Monday, 11/18/2013 10:11:46 AM

Monday, November 18, 2013 10:11:46 AM

Post# of 253175
Re: Interpreting ABBV/ENTA’s SAPHIRE-1 results

98% SVR12 in GT1b and 95% SVR12 in GT1a—both on an ITT basis—are excellent efficacy results, of course. However, SAPHIRE-1 (and the yet-to-report SAPHIRE-2) are primarily safety studies, as noted in #msg-91739317.

How did the 3-DAA+ribavirin arm perform in SAPHIRE-1 relative to the placebo arm on safety? From today’s PR:

The most commonly reported adverse events in the 3D and placebo arms, respectively, were fatigue, headache and nausea. Discontinuations due to adverse events were reported in 0.6 percent of patients receiving the 3D regimen and 0.6 percent of patients receiving placebo.

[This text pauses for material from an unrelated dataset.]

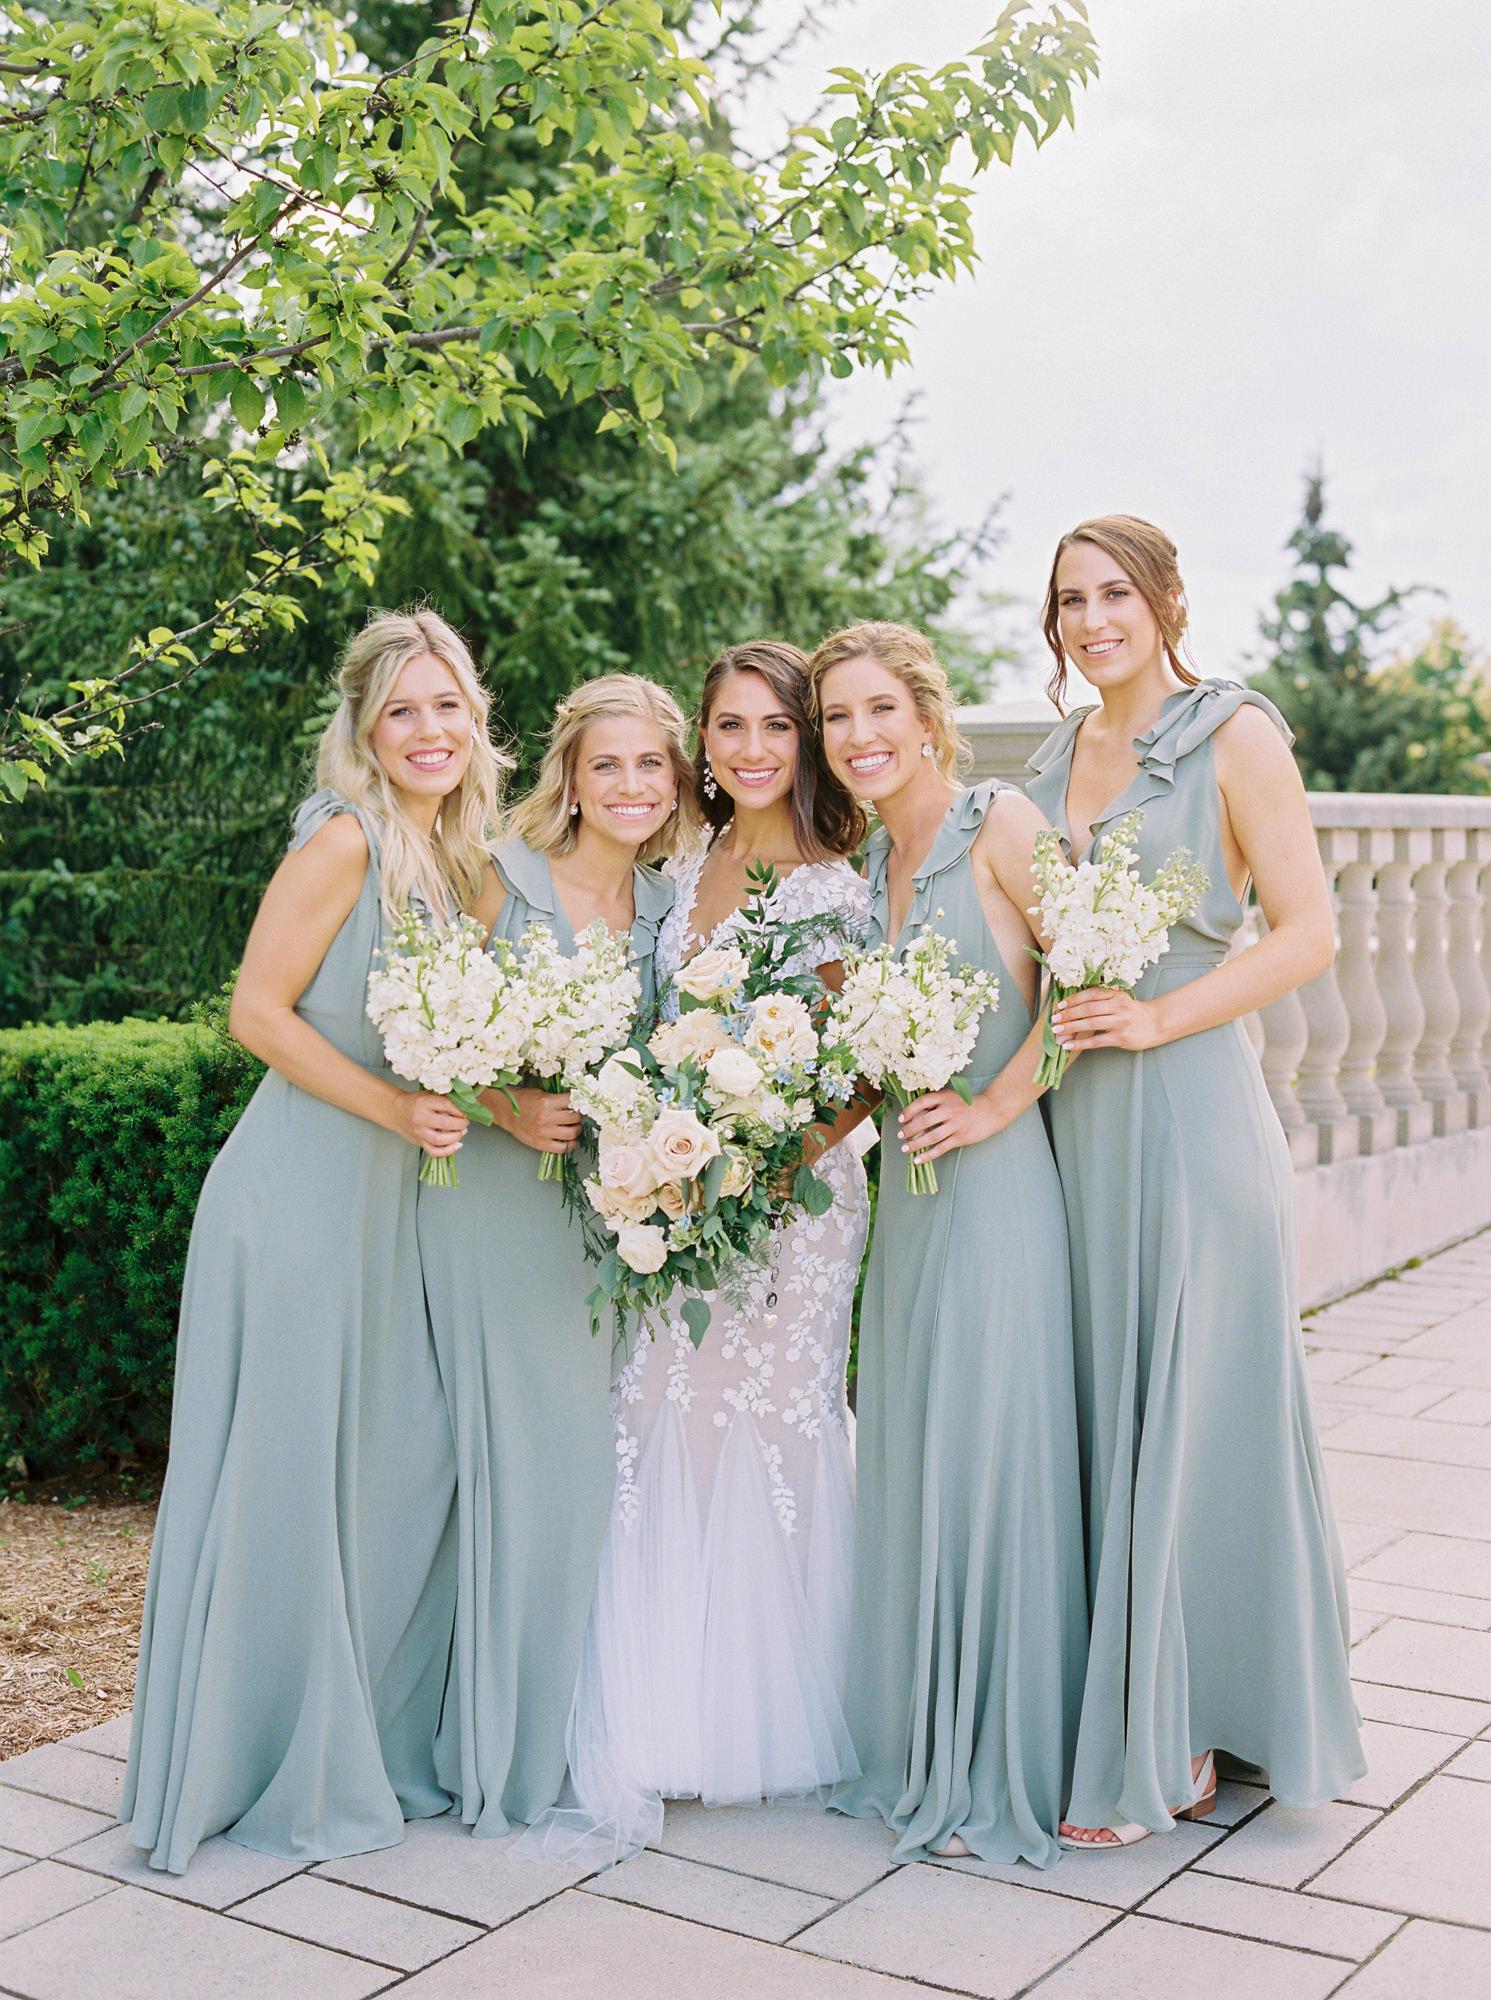 soft green colored long bridesmaids dresses

In other words, there were no excess dropouts in the treatment arm relative to the placebo arm, which is as good an outcome as one could hope for (pending the detailed data on AEs to be presented at a medical conference).

All told, SAPHIRE-1 looks like an excellent start to ABBV/ENTA’s array of six phase-3 trials for the initial NDA submission in 2Q14. The five other phase-3 trials to support the initial NDA are SAPHIRE-2, PEARL-2/3/4, and TURQUOISE-2, as detailed in #msg-93647264.


Background on SAPHIRE-1: The “placebo” arm in SAPHIRE-1 was actually a delayed treatment arm insofar as patients received the same regimen as the treatment arm, but the start of treatment was delayed by 12 weeks in order to make a safety comparison between the arms. HCV progresses much too slowly for a 12-week delay to affect the efficacy results in the delayed-treatment arm (which have yet to be reported).